(I’ve taken about 11 months off from blogging. I’m back, baby.).
Most employers (of over 50 employees) know full well that they have to provide up to 12 weeks of leave under the FMLA and that you generally cannot terminate an employee who is on leave. But don’t assume that means you can terminate an employee who is not medically cleared to come back when her FMLA leave is exhausted. In some cases, doing so will lead to a large verdict in favor of the former employee, as was demonstrated by a recent case from the Massachusetts Supreme Judicial Court, Esler v. Sylvia-Reardon, 473 Mass. 775 (2016).
The following is from the SJC’s rendition of the possible facts most favorable to Ms. Esler, and I do not represent them as true (the hospital may have presented different alleged facts). Esler worked as a registered nurse in the acute hemodialysis department of MGH. She went out on FMLA leave in December 2008, although there was some hassle from her supervisor about her paperwork. Her doctor suggested that she engage in light exercise and pleasurable activities. So she went to New York City. Her supervisor accused her of “vacationing,” and sounded displeased. When Esler then said that she broke her wrist while ice skating, her supervisor allegedly said “I need to have you back here next week or I can’t hold your job.”
In spite of her supervisor’s alleged statements, to its credit, the hospital extended her FMLA leave past her statutory 12 weeks of leave. However, the hospital said that it could not accommodate her temporary lifting restriction (no lifting more than five pounds in left hand) and need to wear a splint. Esler was expected to return on February 15, 2009. She spoke to her supervisor on January 28th and reported that she was making good progress.
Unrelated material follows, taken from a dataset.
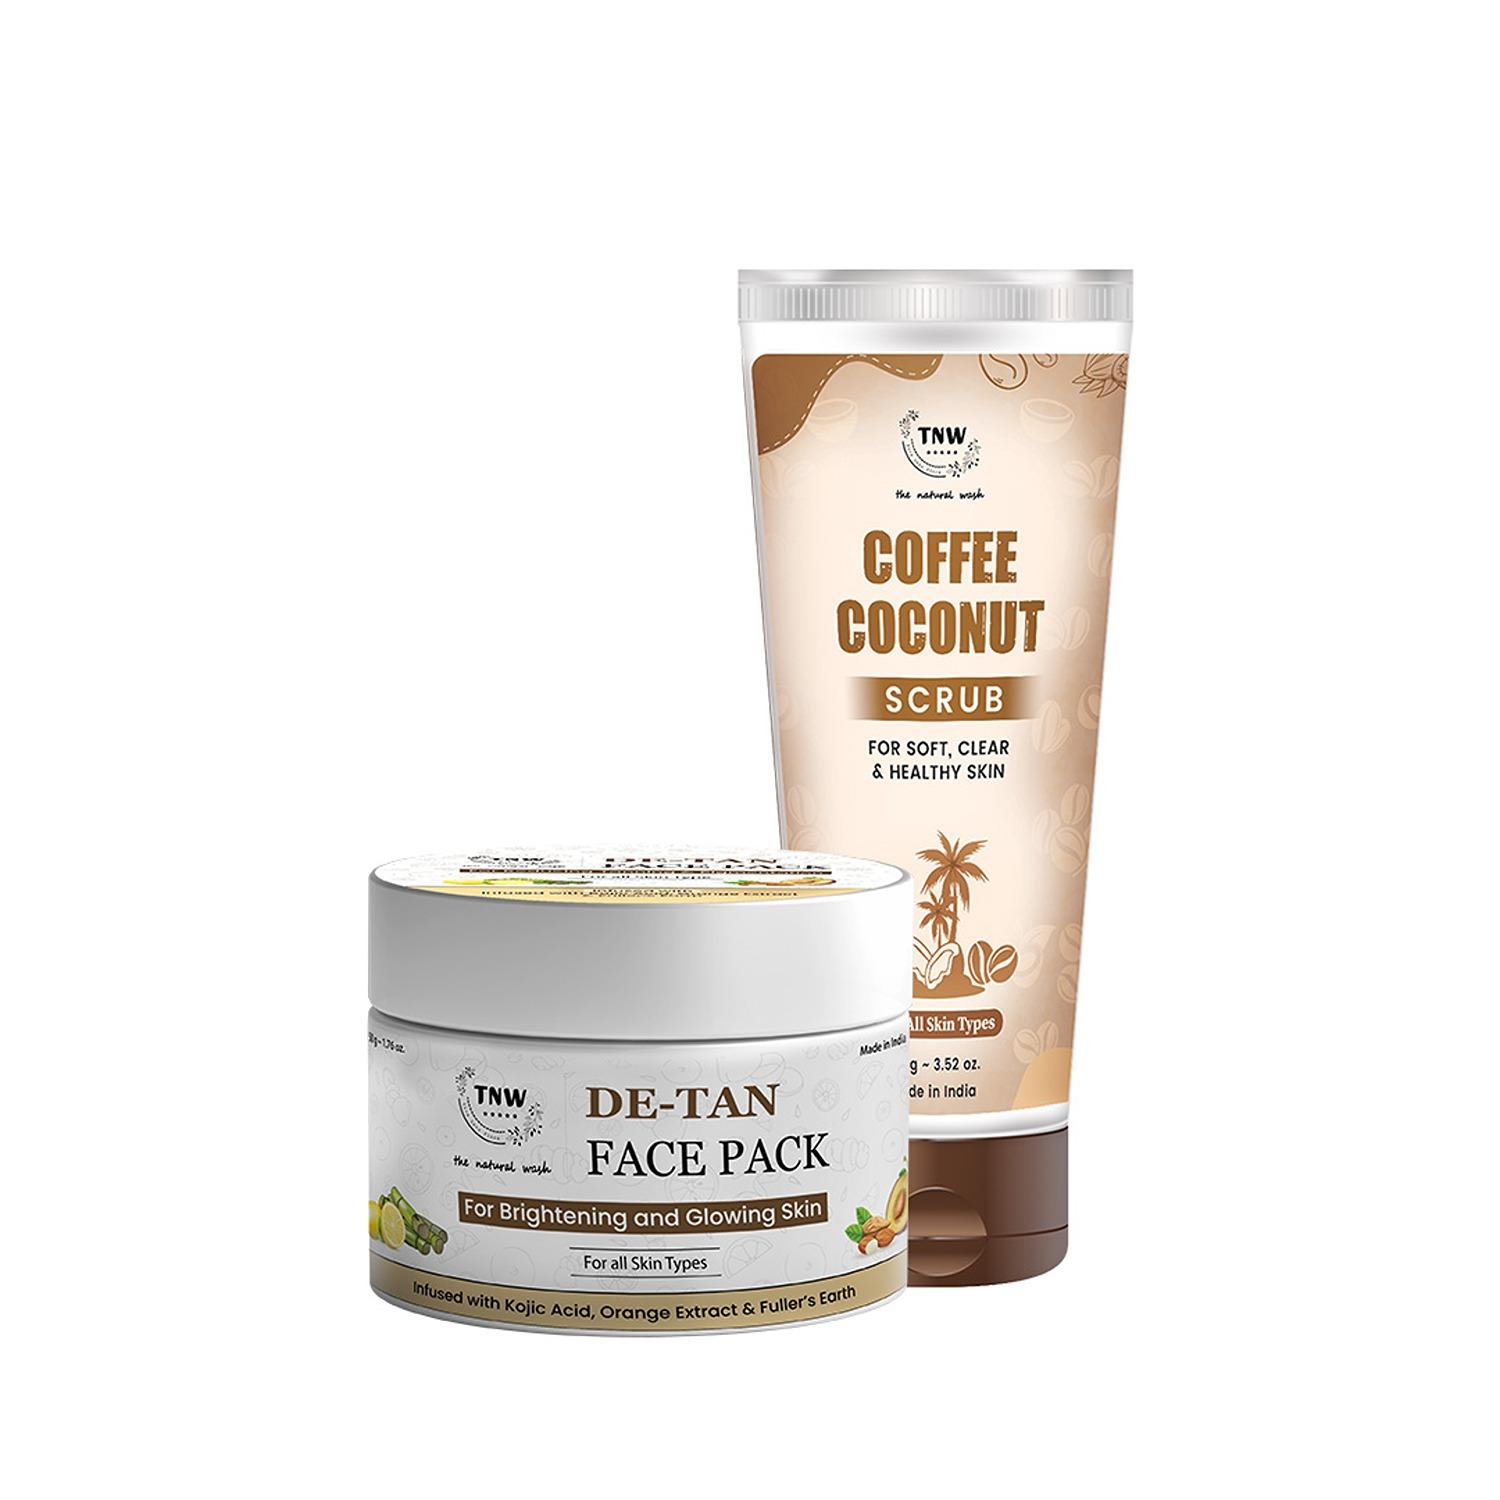 TNW The Natural Wash | TNW The Natural Wash Coffee Coconut Scrub and De Tan Face Pack Combo

Although there was no equipment that required lifting more than five pounds, Esler’s supervisor canceled an occupational health assessment that was part of the return to work process and put Esler on inactive status. The hospital stated that her job could not be accommodated with the restrictions. However, the hospital hired a replacement with less training, who could not have fully performed the job until at least April 6th, a date that was after the date that Esler would have had no medical restrictions.
Esler sued for retaliation, which is prohibited under the FMLA (and most other employment statutes). A jury returned a verdict in her favor of back wages consisting of $567,500 and front pay of $672,686. The judge overturned the front pay award, and this decision was upheld on appeal. The trial judge also overturned the backpay award, but this was reinstated on appeal (subject to further proceedings at the trial court). Because the case was filed in 2010, if the backpay award sticks, interest will add a staggering 75% and counting (12% per annum in Massachusetts), which I calculate to be $425,625. Liquidated damages equal to the back pay could also be awarded. With an award of attorneys’ fees and costs surely on the horizon, the total verdict could approach or exceed two million dollars, even with the front pay being overturned. Not to mention the Defendants’ own legal fees, which are surely sizable.
Takeaways
There are a few lessons for employers. First, if an employee takes FMLA leave, don’t assume that her FMLA rights end after 12 weeks. In fact, the FMLA provides “proscriptive provisions” to protect employees from retaliation after exercising substantive rights.
Second, an employer should take a realistic look at accommodations an employee needs. Although it appears that Esler did not file a disability discrimination claim, she could have. Employers should always consider whether continued leave or other accommodations are reasonable for an employee who has been out on FMLA leave. You should also be careful to not use the FMLA leave in any future employment decision, as that could be deemed retaliation.
Third, train your supervisors to not make comments that are hostile to protected FMLA leave.
Fourth, for God’s sake call your employment lawyer before firing an employee who went out on FMLA leave! A short phone call might save you from a $2 million mistake. If the facts were as Esler alleged, the decision to not accommodate her for a short time was foolhardy and reckless.
As always, the above is not legal advice, just general information.